When police or prosecutors conceal significant, exculpatory, or impeaching material, we hold, it is ordinarily incumbent on the State to set the record straight.
As to witness Farr’s informant status, it was Banks’ burden to show cause and prejudice to overcome his counsel’s failure to produce evidence of police links to Farr in State Court proceedings.
Banks succeeded in demonstrating the requisite cause.
He reasonably relied on the State’s representations made pretrial and repeated in state habeas proceedings that the prosecution had disclosed all relevant information.
We reject the State’s contention that Banks nevertheless should have attempted to unearth the truth.

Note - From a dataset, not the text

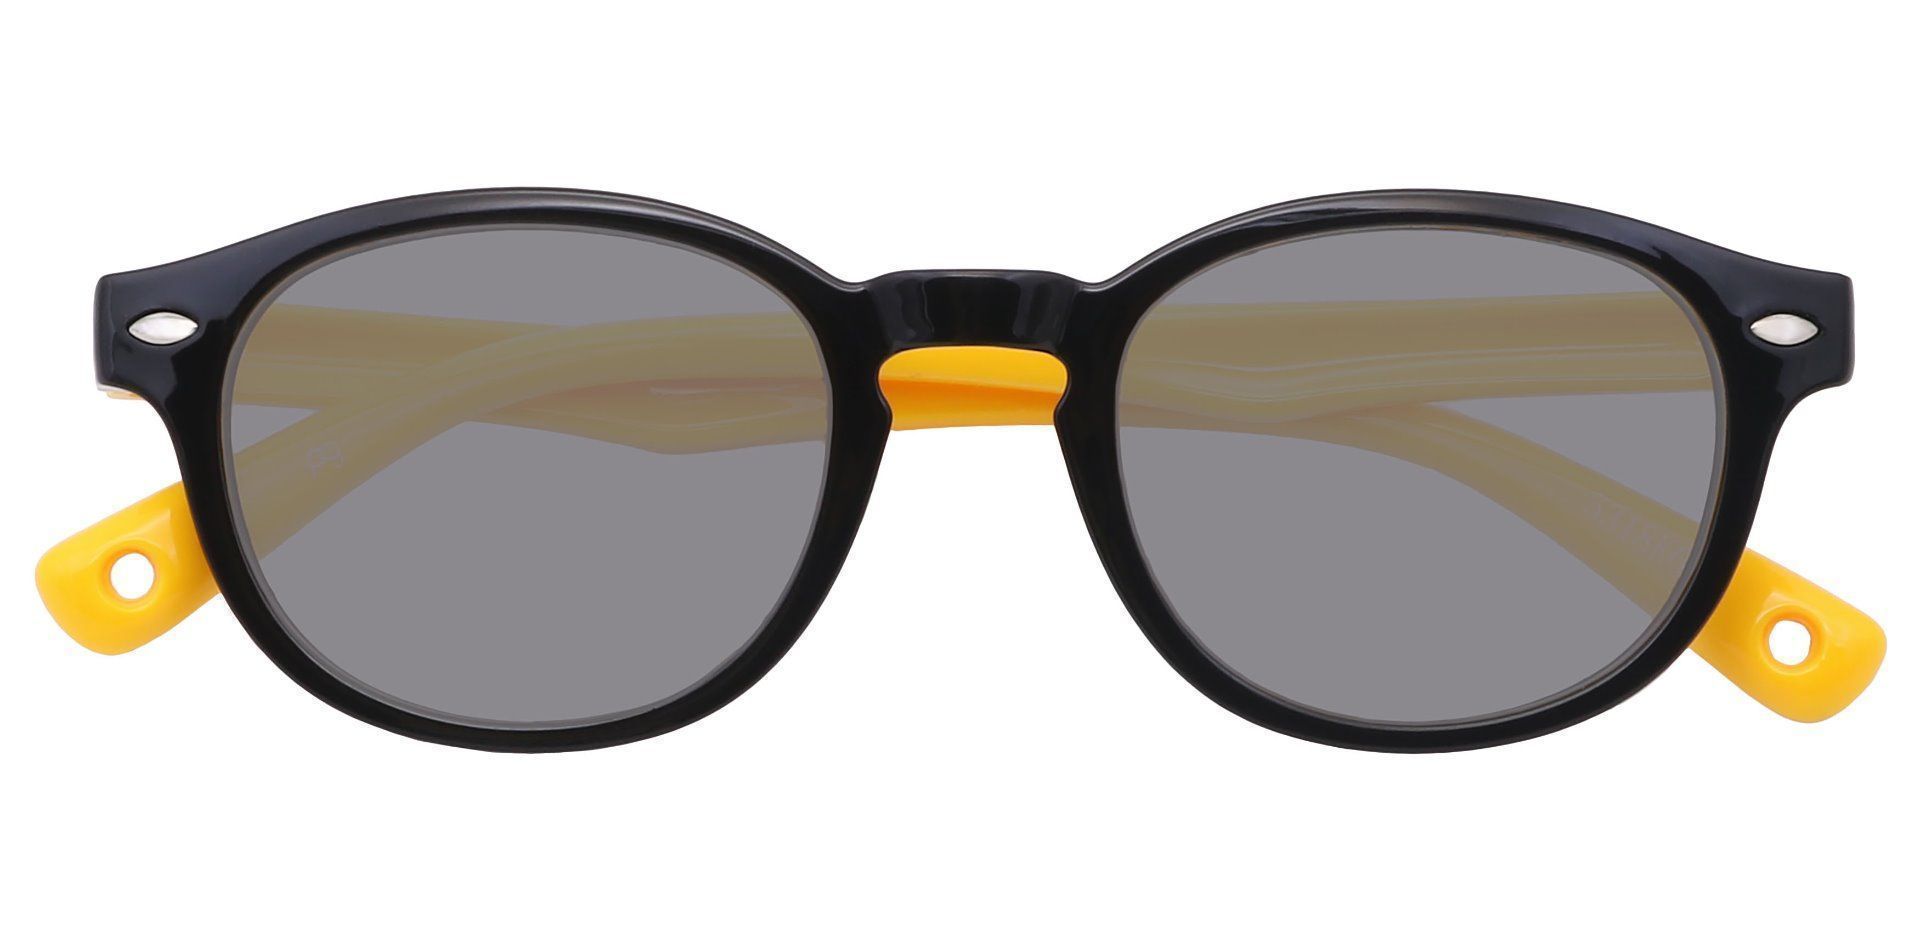 Carbon Round Black Non-Rx Sunglasses

A rule declaring prosecutor may hide defendant must seek, is not tenable in a system constitutionally bound to accord a defendant’s due process.
As to prejudice, Banks demonstrated reasonable probability of a different result in the penalty phase of the case had the jury known a prosecution witness Farr’s, collaboration with the police.
Showing cause and prejudice to overcome his procedural default, today’s opinion explains Banks at the same time established the essential element of his claim, the prosecutorial misconduct infected the death penalty adjudication.
We also reverse the Fifth Circuit’s ruling on Banks’ claim of guilt phase prosecutorial misconduct.
A claim that rested on the State’s suppression of the transcript showing that witness Cook had been coached.
The Court of Appeals, we hold, should have issued the certificate of appealability on the question whether Banks should be deemed to have pleaded the Cook transcript claim given federal rule of Civil Procedure 15(b)’s provision for amendment of a party’s pleading to conform to the proof.
Justice Thomas has filed an opinion concurring in part and dissenting in part in which Justice Scalia joined.